[What to work on] No pictures belong in the copy. Set down exactly the lines from the one that contains "iSabadell: Lluís Coloma, Clara" through the end of the data.
*** Given information Section Begins ***
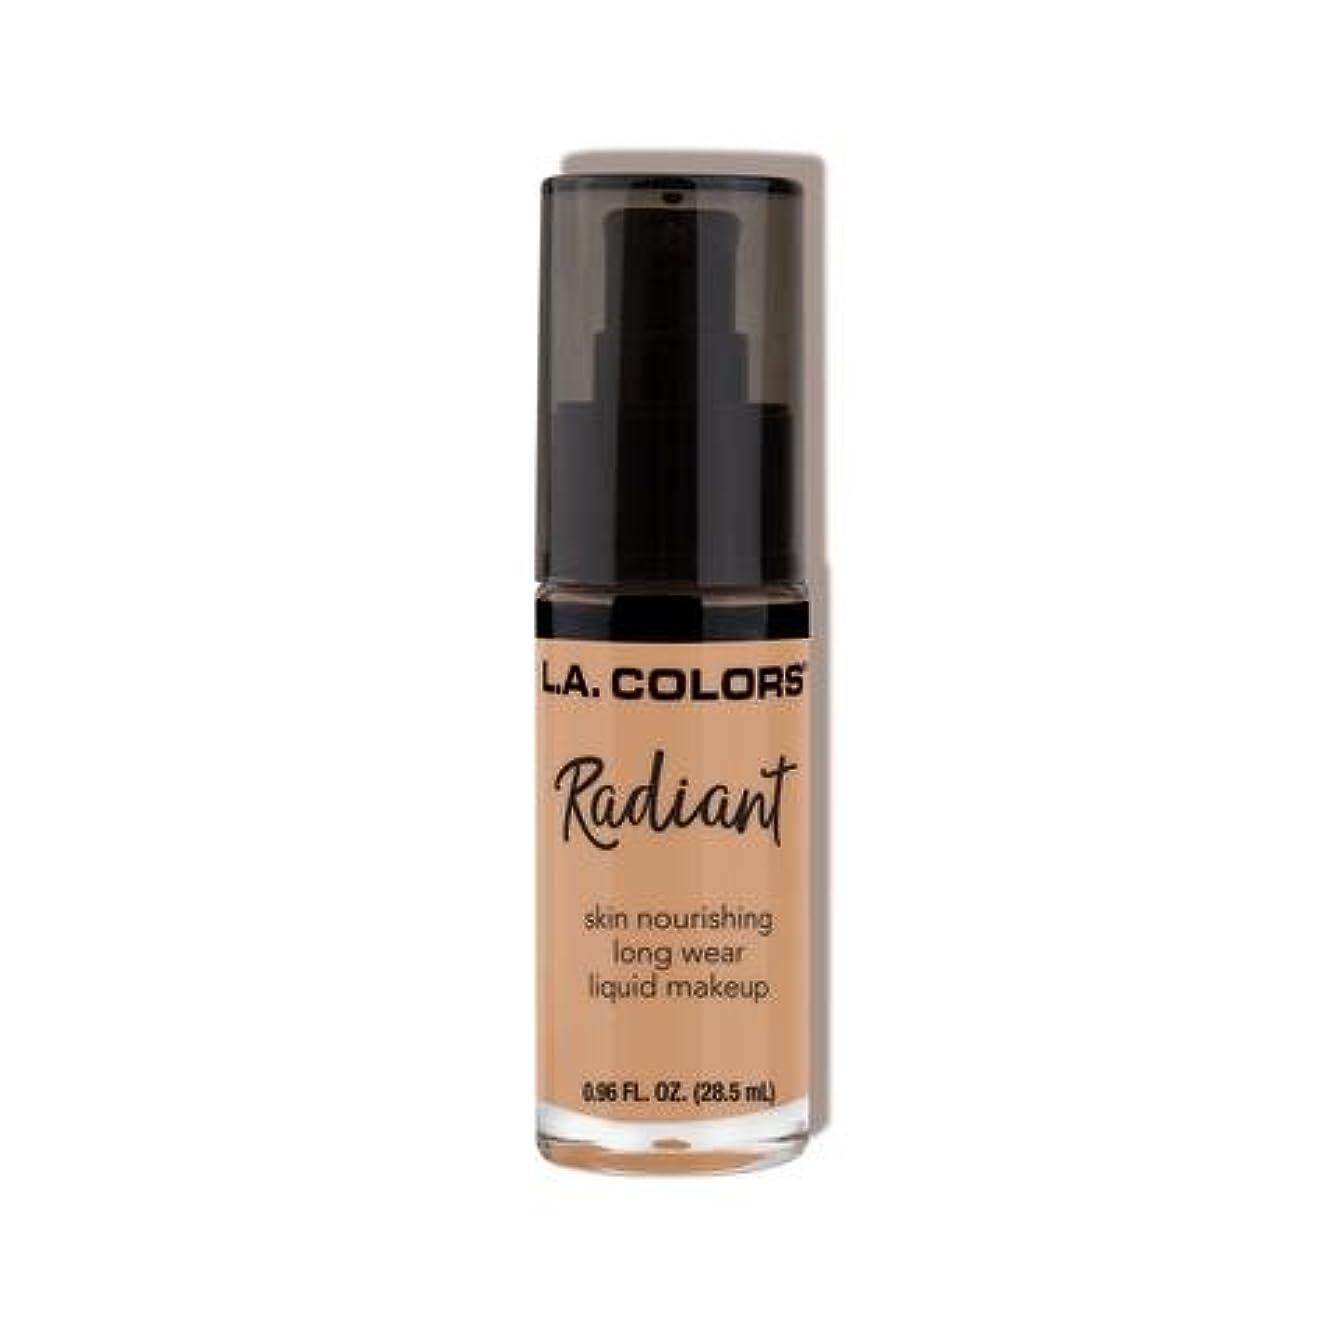 晴れ成長する毛布(3 Pack) L.A. COLORS Radiant Liquid Makeup - Light Tan (並行輸入品)
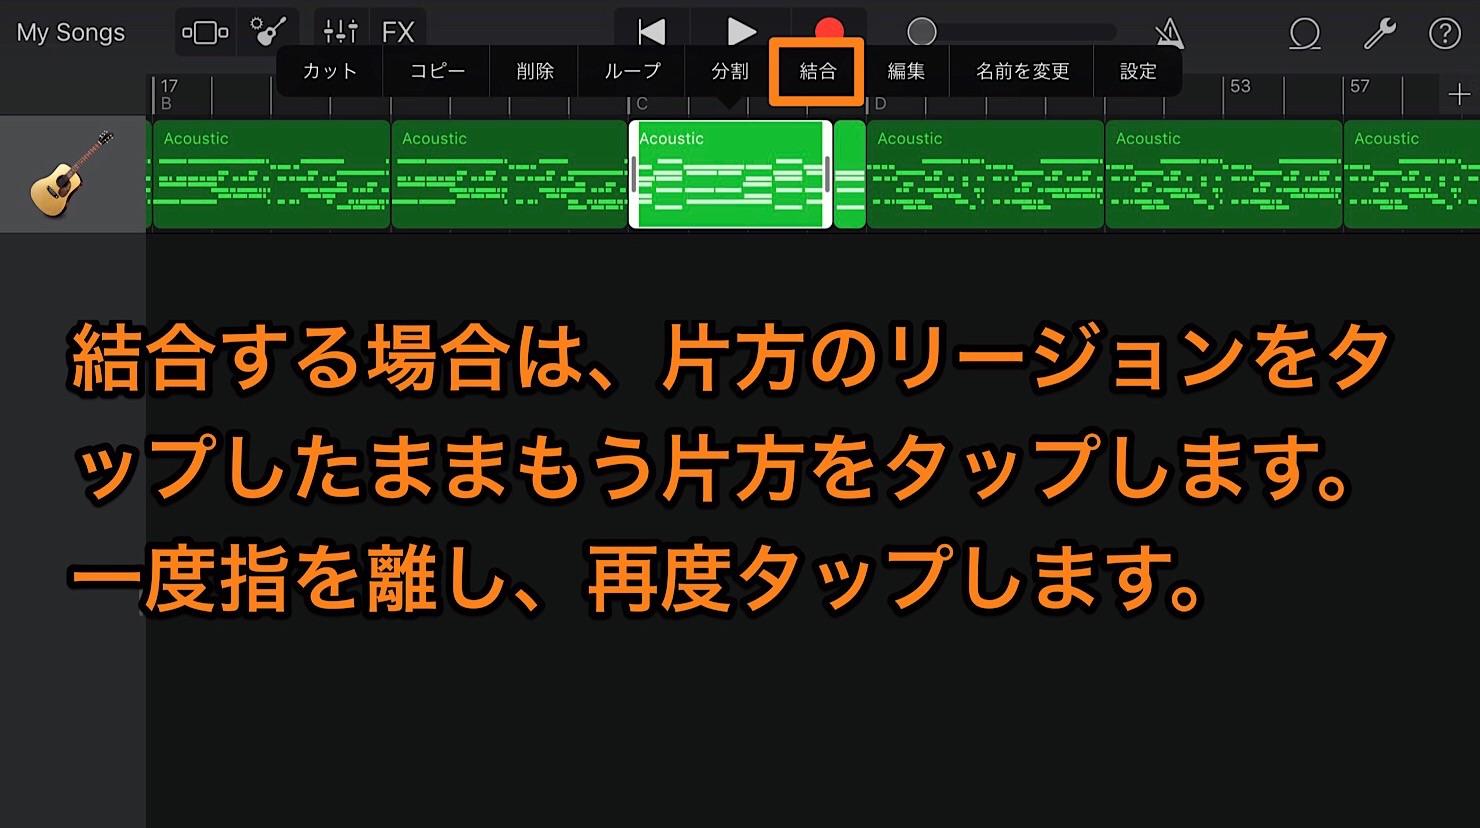 garageband-ios-ver2-edit-sound-6
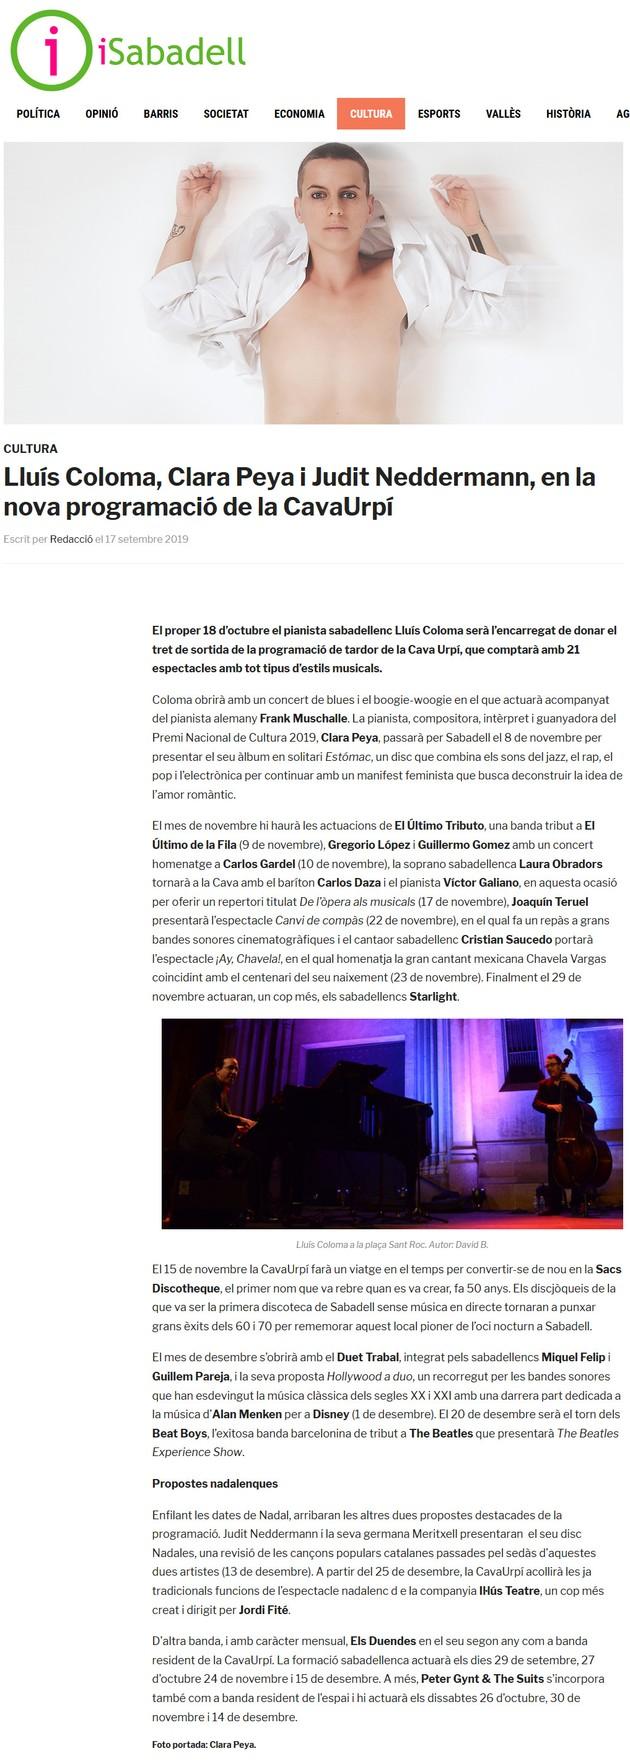 iSabadell: Lluís Coloma, Clara Peya i Judit Neddermann, en la nova programació de la CavaUrpí
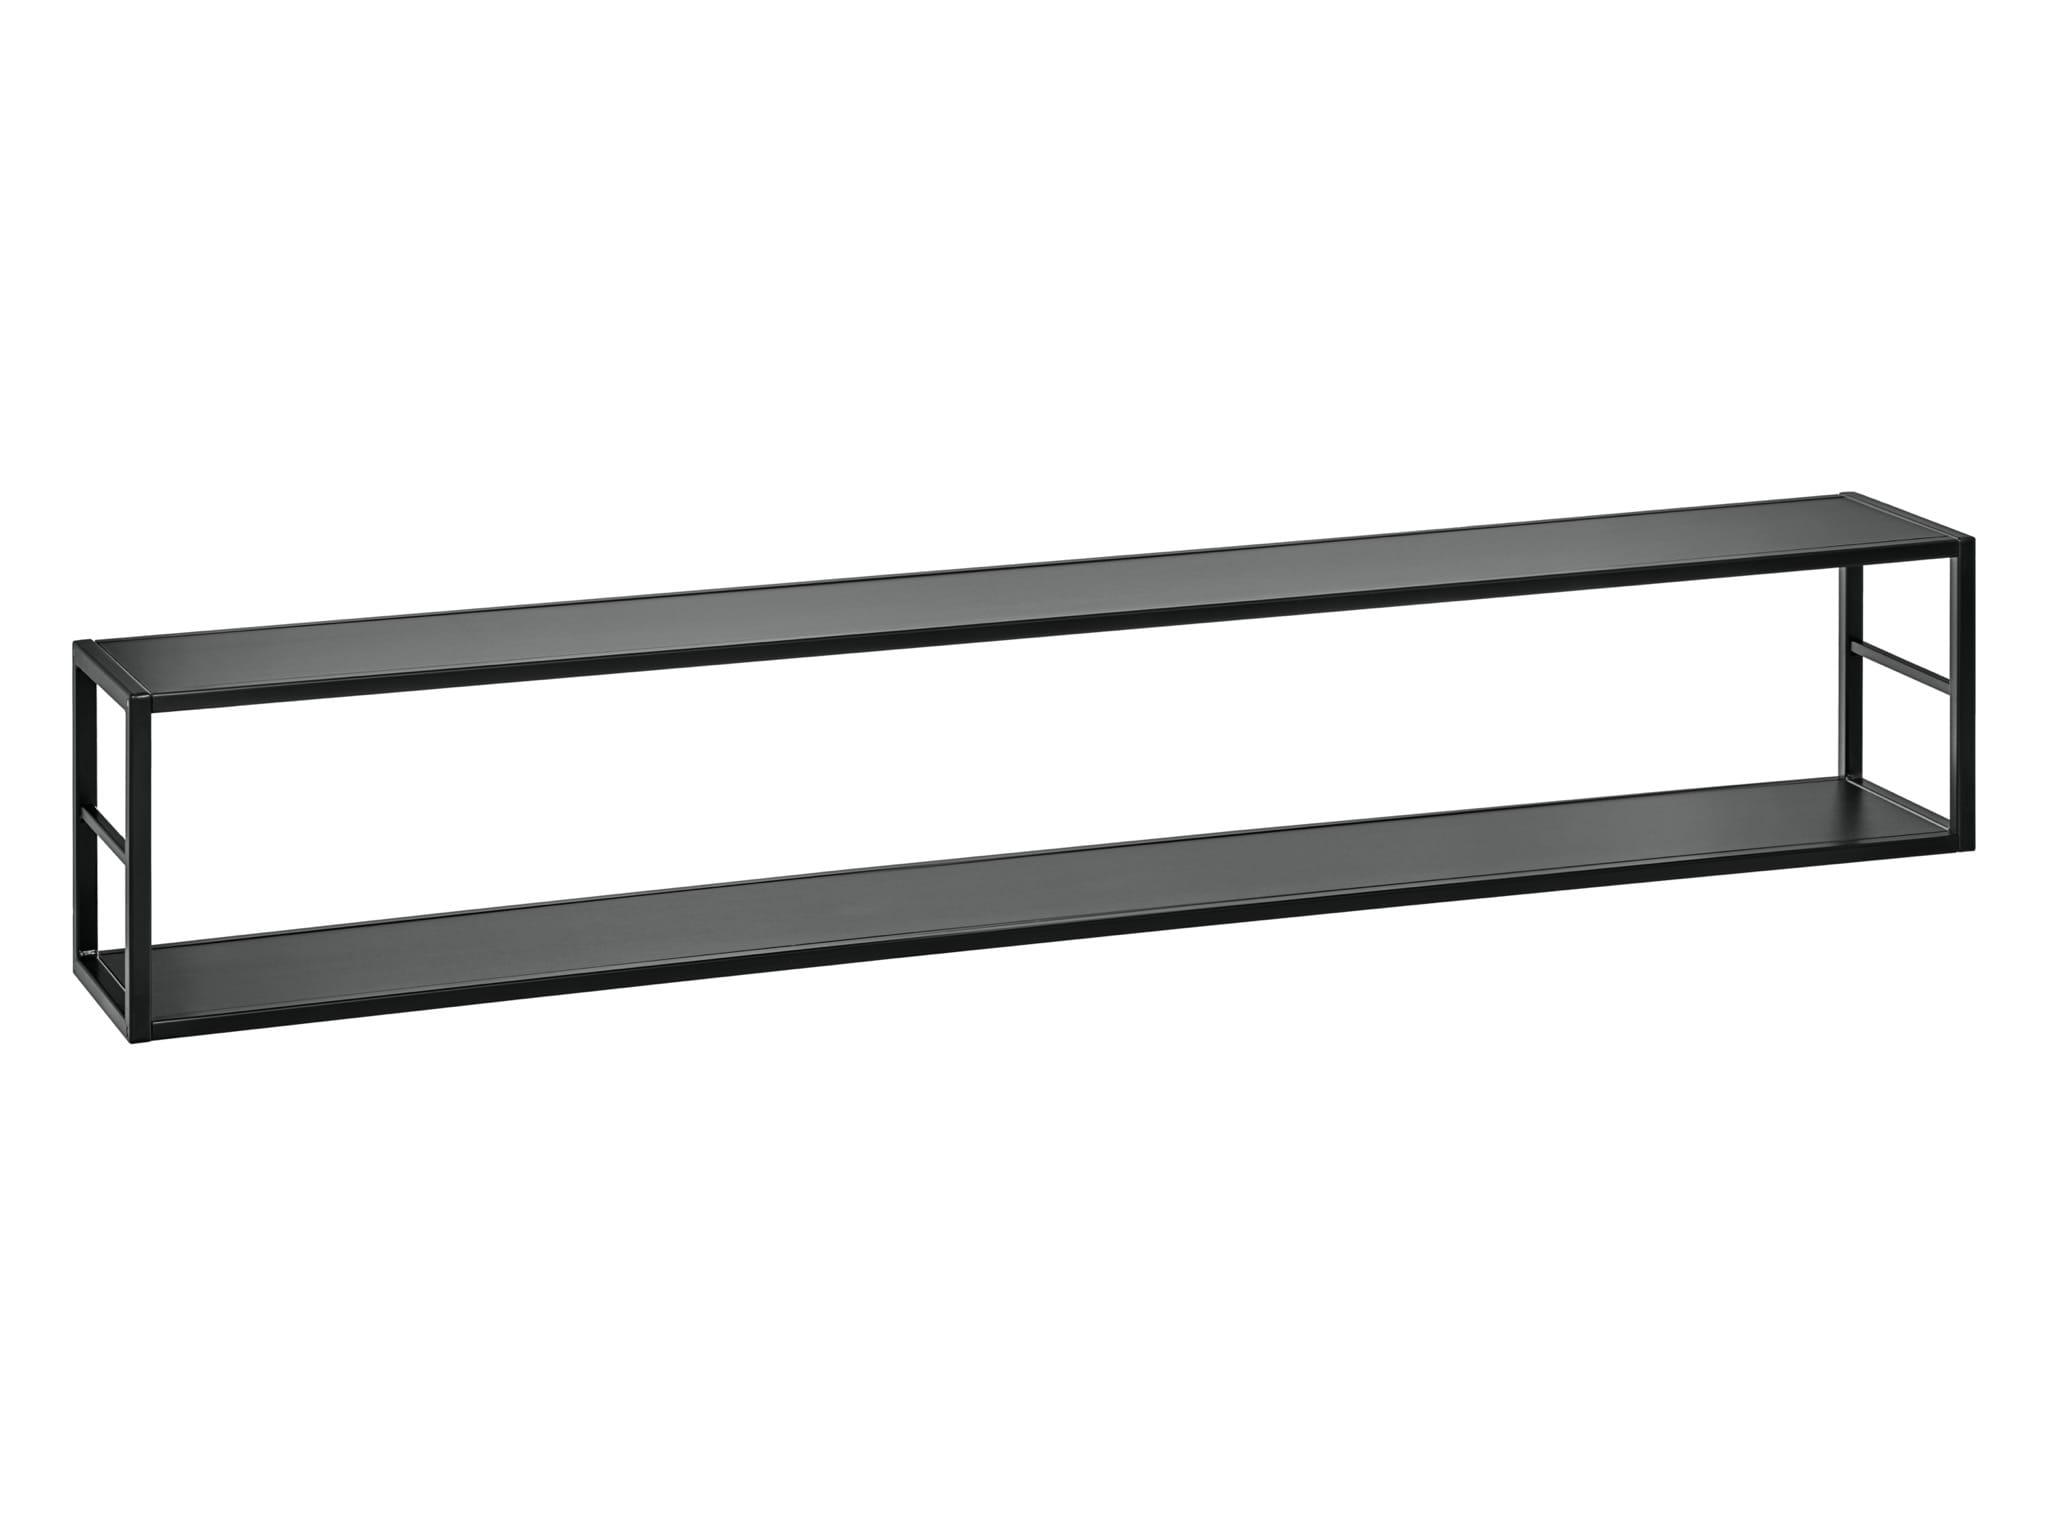 Image of Regał Metalowy Switch RM 8
*** Given information Section Ends ***
[Task response]
 iSabadell: Lluís Coloma, Clara Peya i Judit Neddermann, en la nova programació de la CavaUrpí
 Image of Regał Metalowy Switch RM 8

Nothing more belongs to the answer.